What the task requires
Reproduce the whole listing that follows, character for character, and drop the images.

Collected data
**********

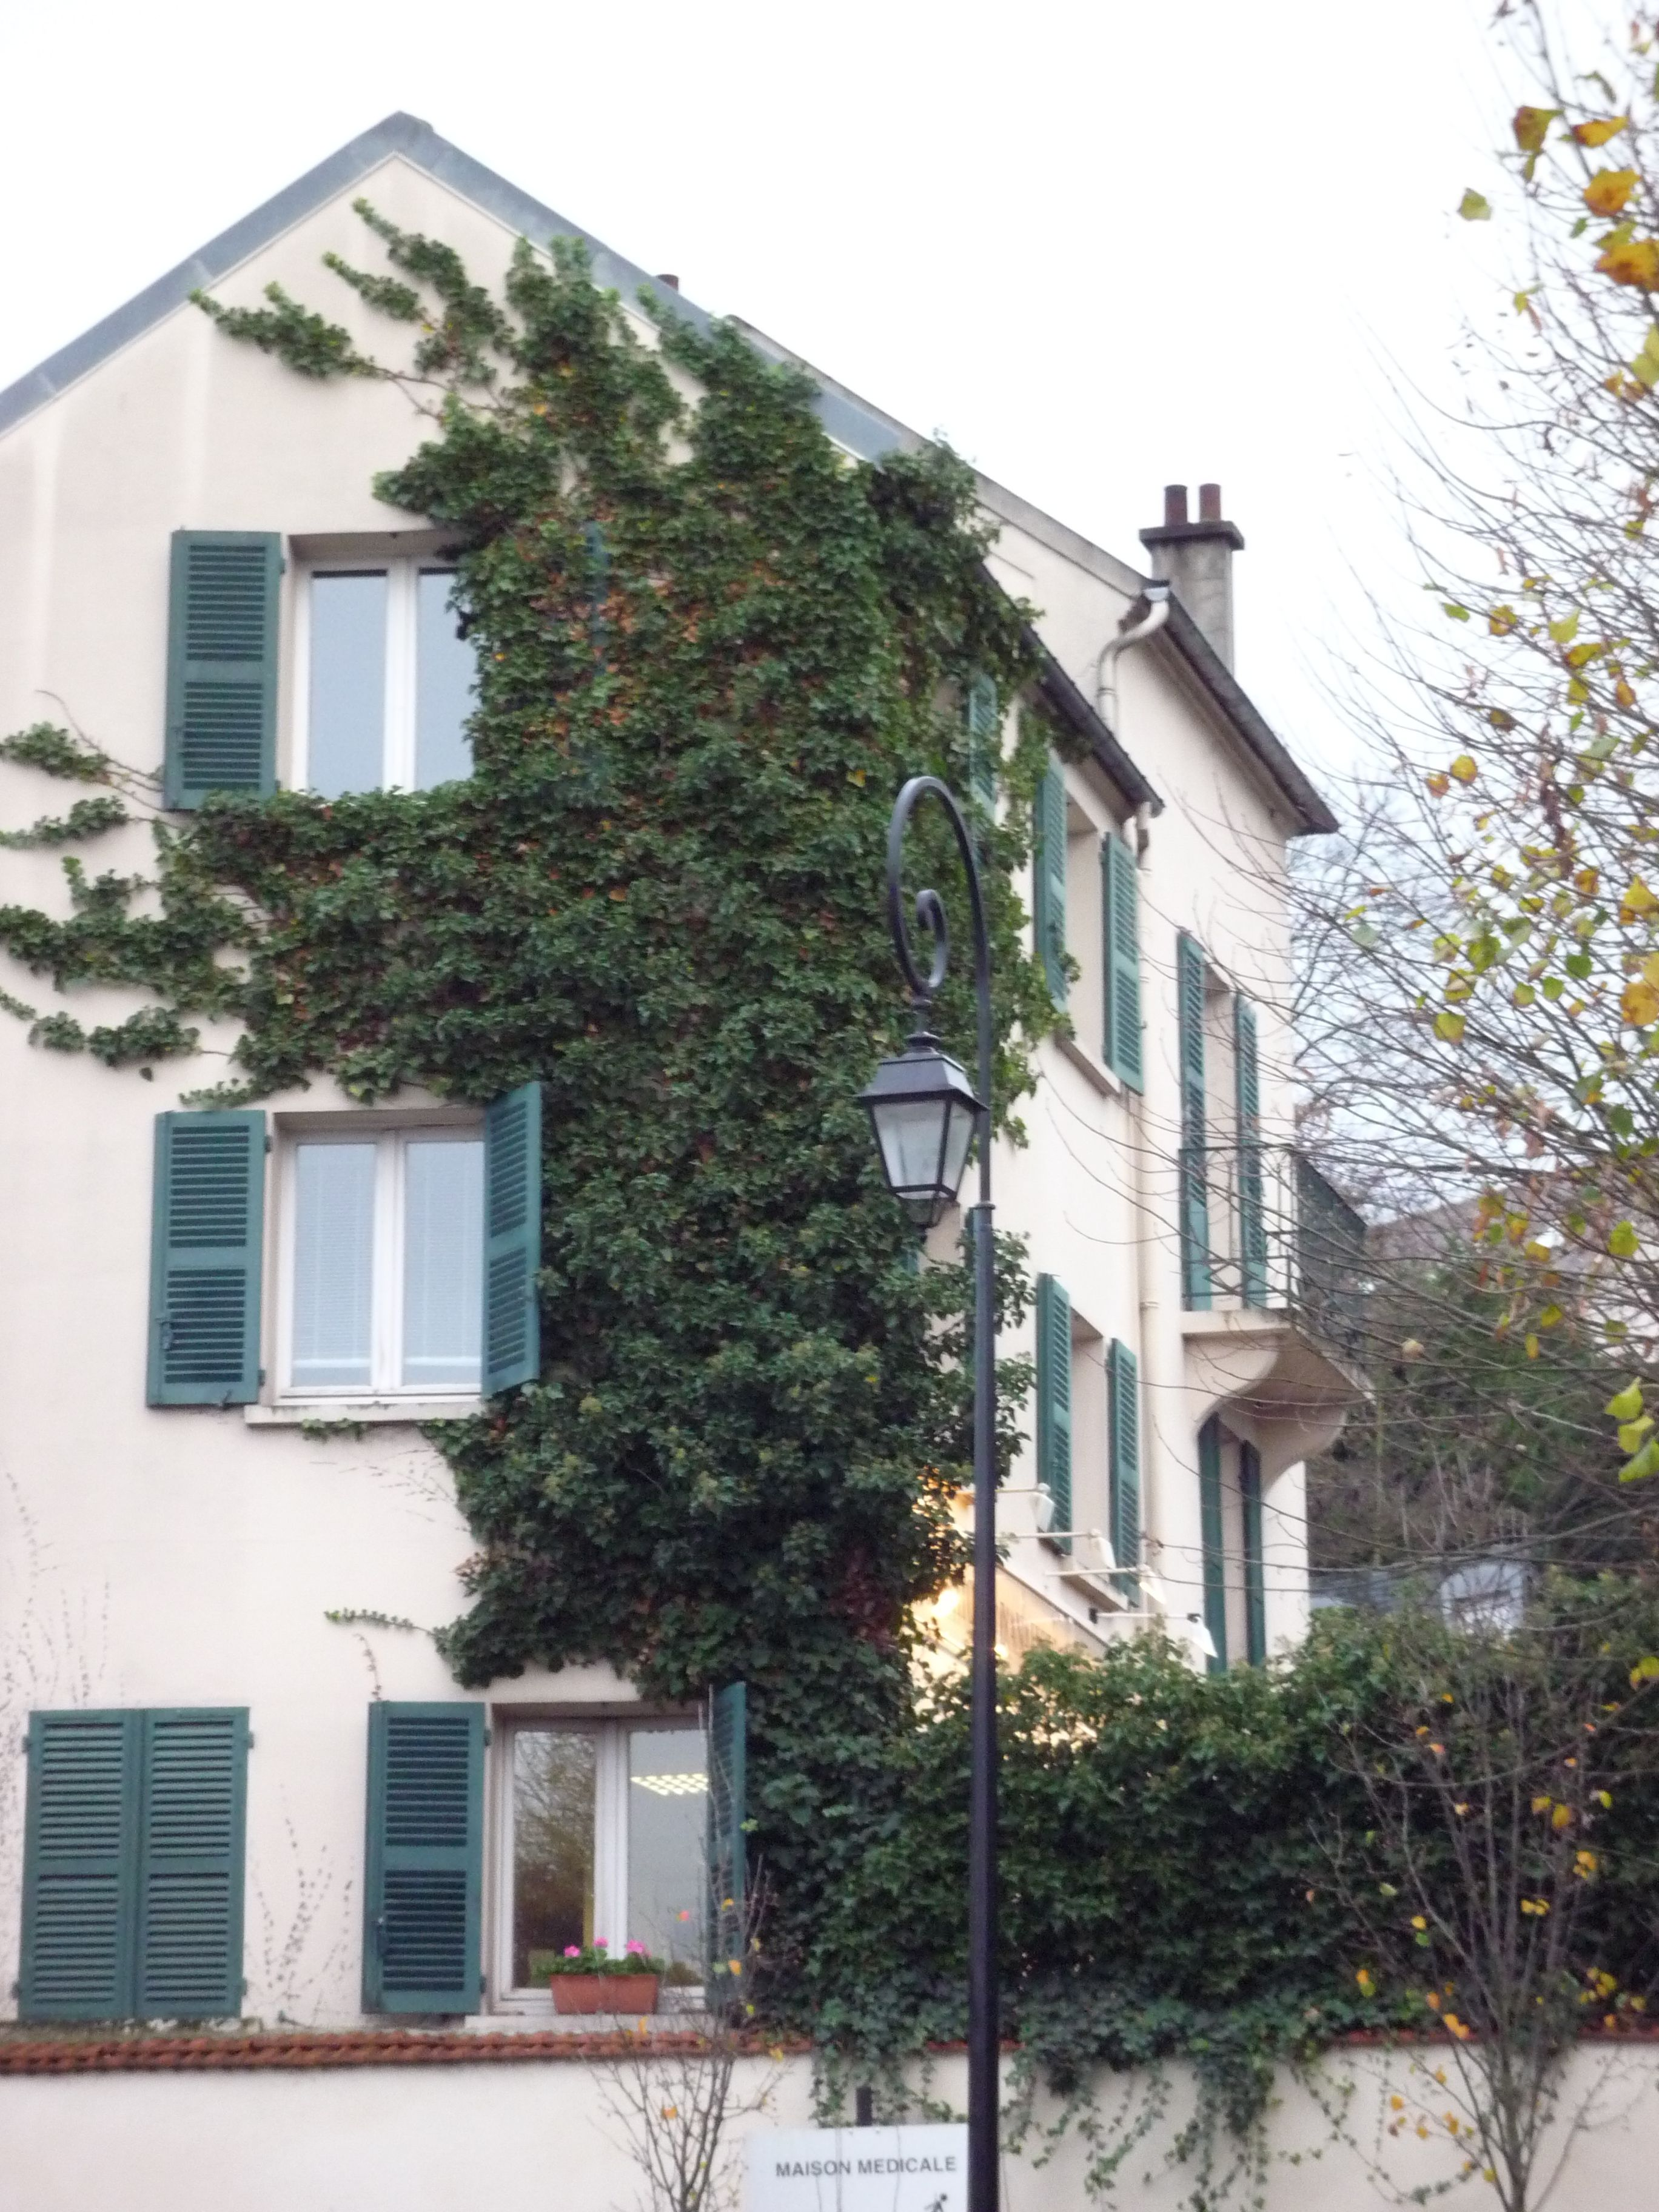 Berthe Morisot (1841-1895) a vécu à Bougival (Isla de Francia, Francia) - http://www.tourisme-bougival.com/visiter-bougival/maison-de-berthe-morisot/
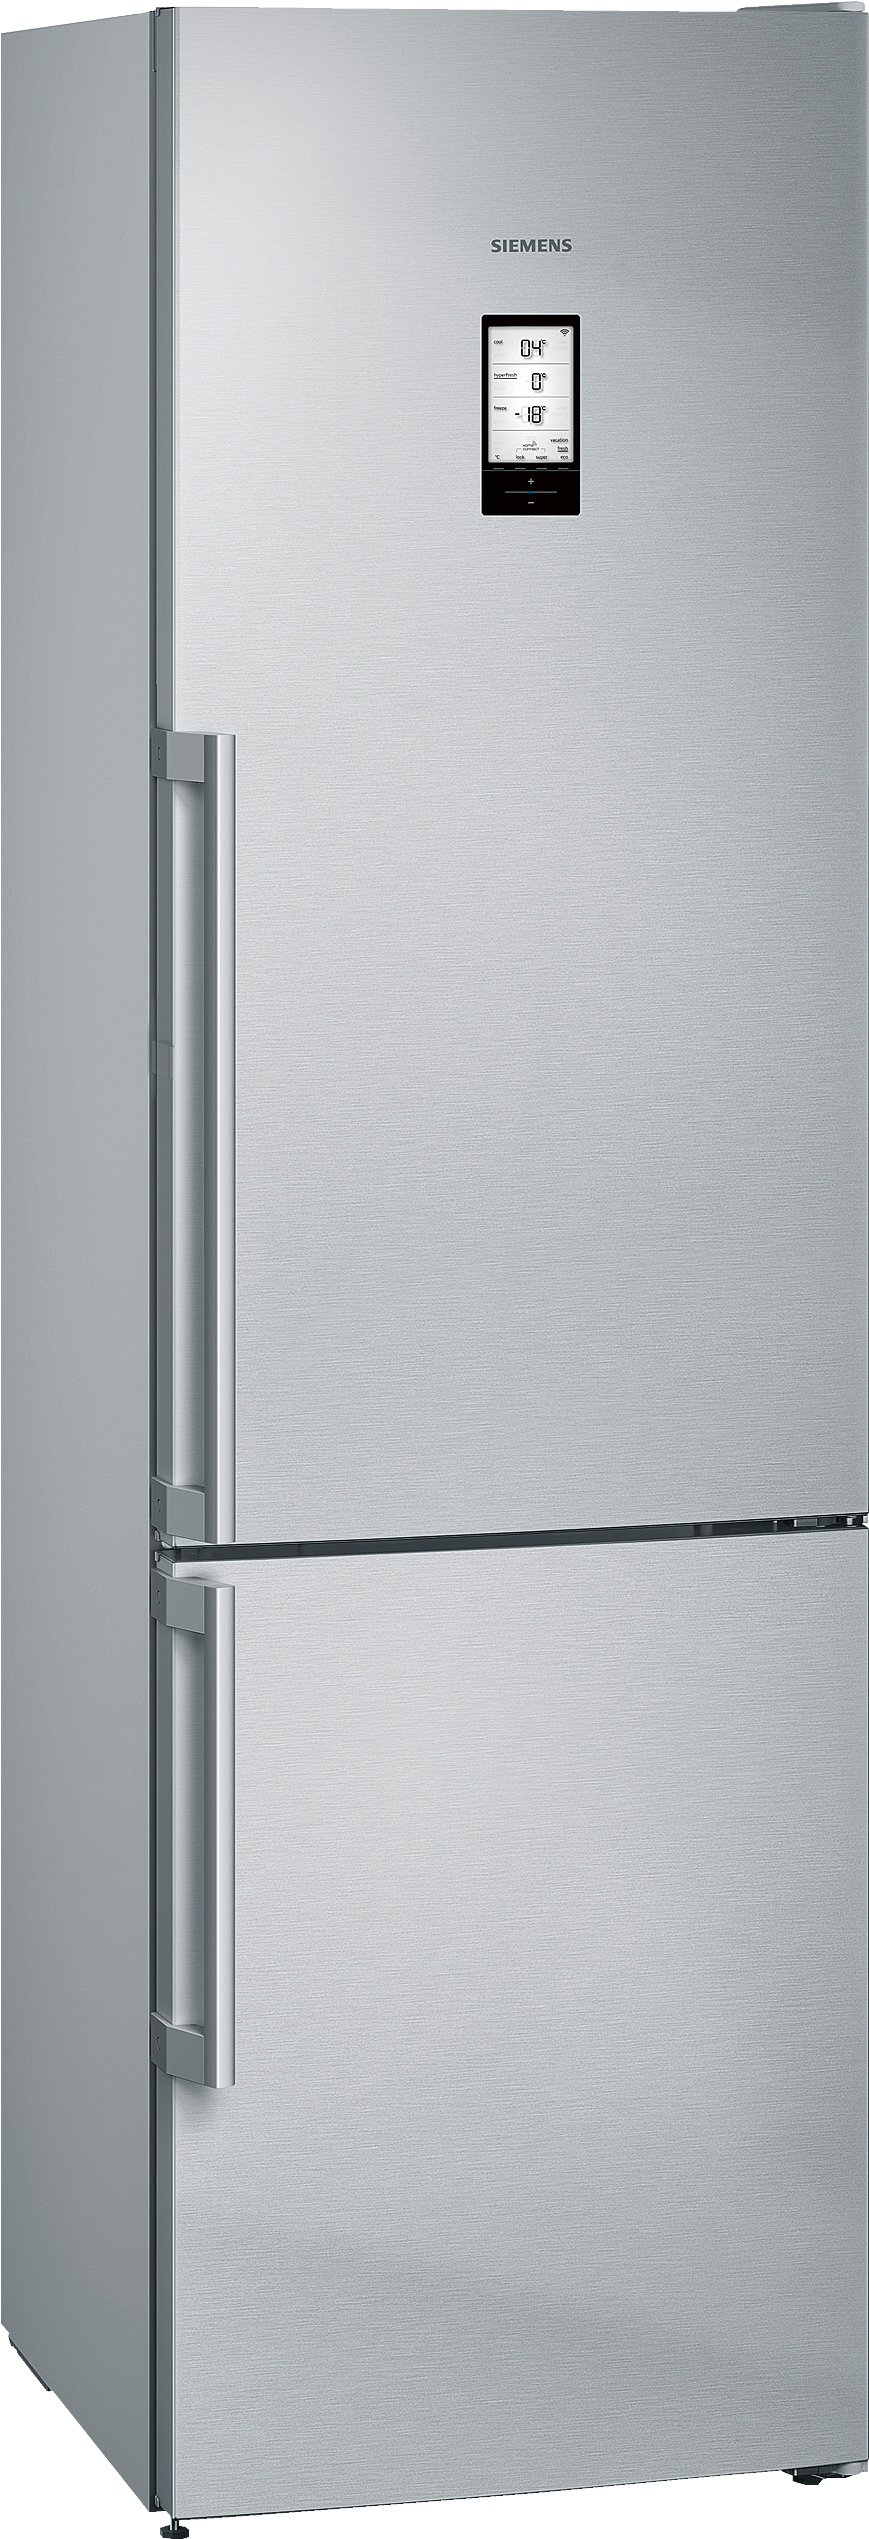 siemens fridge freezer manual instructions
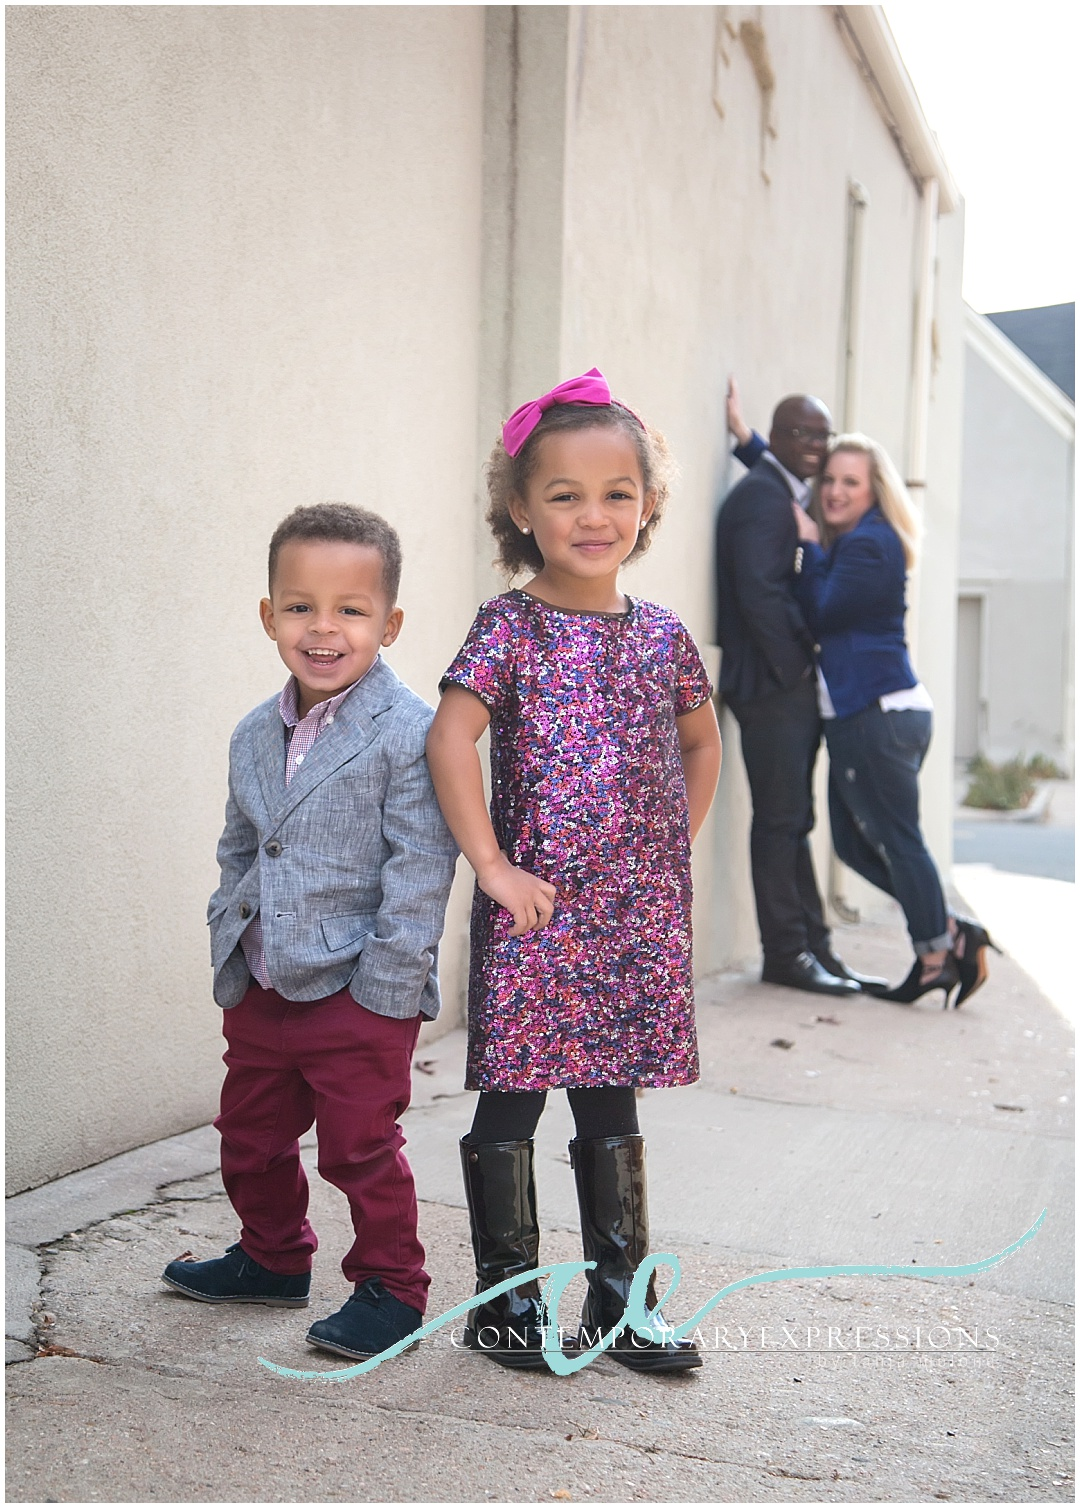 denverphotography-denverphotographer-denverfamilyphotography-familyphotography-family-photos

**********

Your solution
 Berthe Morisot (1841-1895) a vécu à Bougival (Isla de Francia, Francia) - http://www.tourisme-bougival.com/visiter-bougival/maison-de-berthe-morisot/
 siemens fridge freezer manual instructions
 denverphotography-denverphotographer-denverfamilyphotography-familyphotography-family-photos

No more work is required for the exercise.